Data retention means protecting your data in a secure environment in the long term, in such a way that it remains usable, understandable and accessible. This means more than just making backup copies of your data. If you only backup your data, it can ....
- become unreadable with future software because the file format is not compatible.
- be altered when opening the file with new software, so that it is no longer reliable for research.
- be altered by someone, as there is no access control.
- become incomprehensible because no documentation or metadata have survived.
Good data management is part of the research process and contributes to the integrity and transparency of research. If you begin with data management planning at the start of your project, ...
- you can budget for the required infrastructure, legal questions and costs, which are sometimes reimbursed by your sponsor.
- you can save time and resources in the long term and increase the efficiency of your research.
- you will prevent data loss by increasing data security.
- you will avoid unnecessary data duplication and additional workload.
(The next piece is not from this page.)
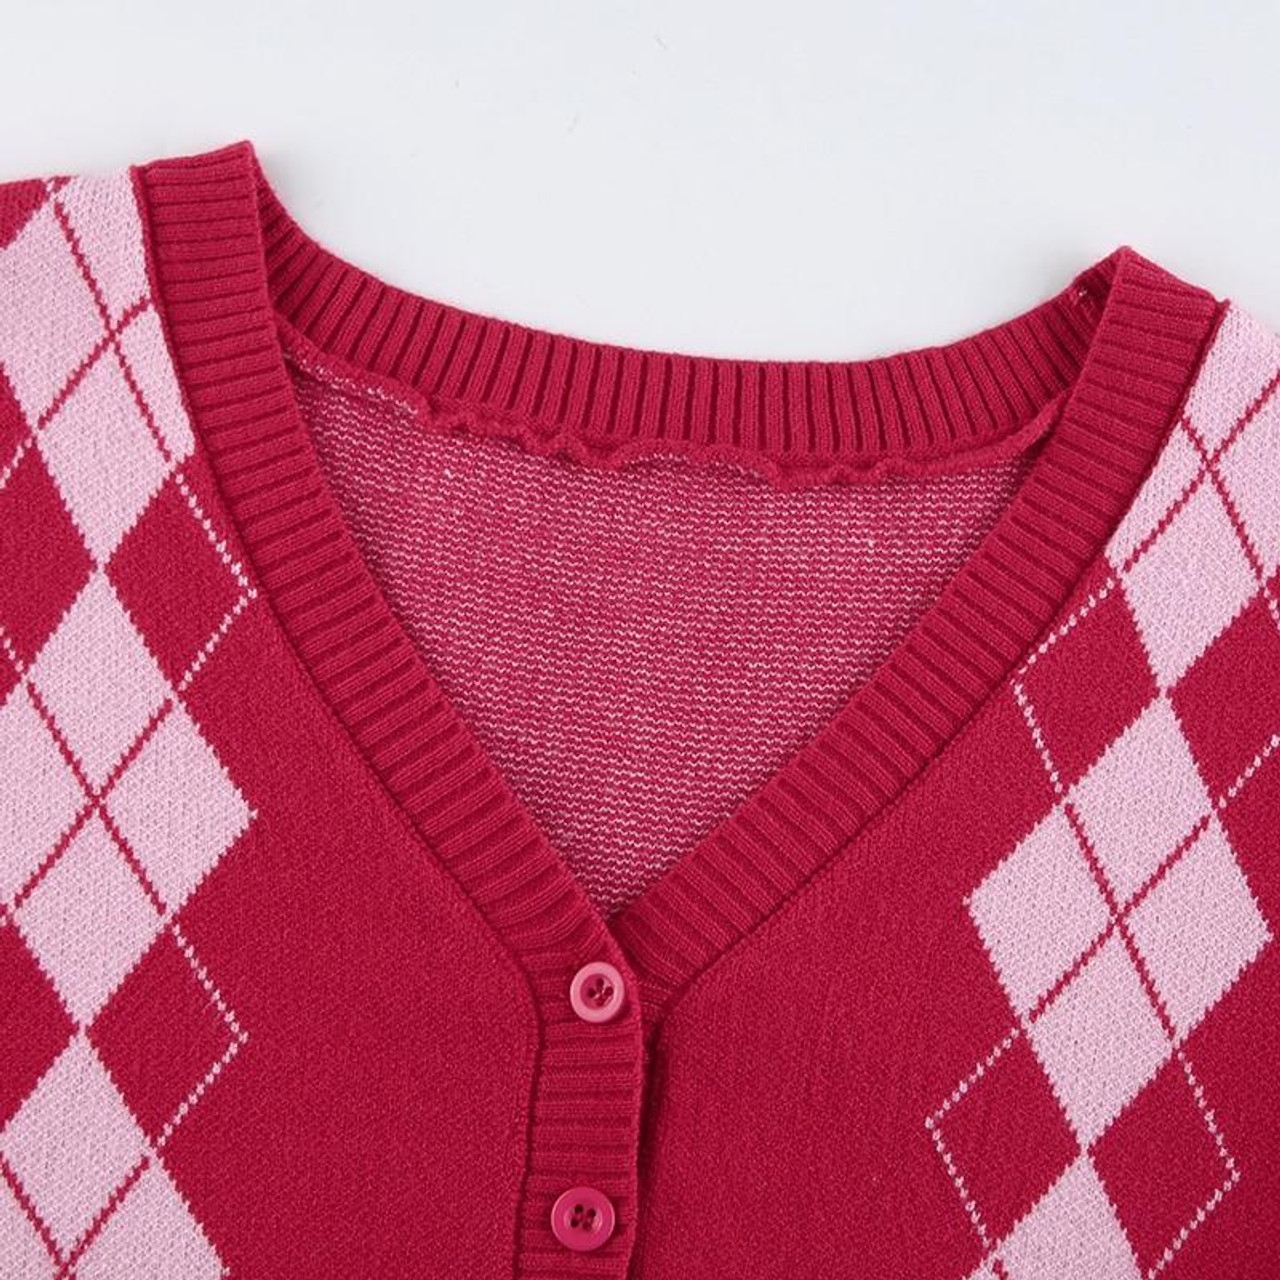 SOFT GIRL KNITTED CARDIGAN SWEATER - Cosmique Studio

- you will enable the reproducibility and verifiability of your research.
- you will meet the requirements of the funding institutions.
Your contacts at the University Library for research data
Research Data Management Network
The University Library is a member and the coordination centre for the Research Data Management Network at the University of Basel. In cooperation with the Vice President’s Office for Research, the library ensures coordination amongst all participants within the Research Data Management Network and its further development and ensures the monitoring of developments in the area of research data management.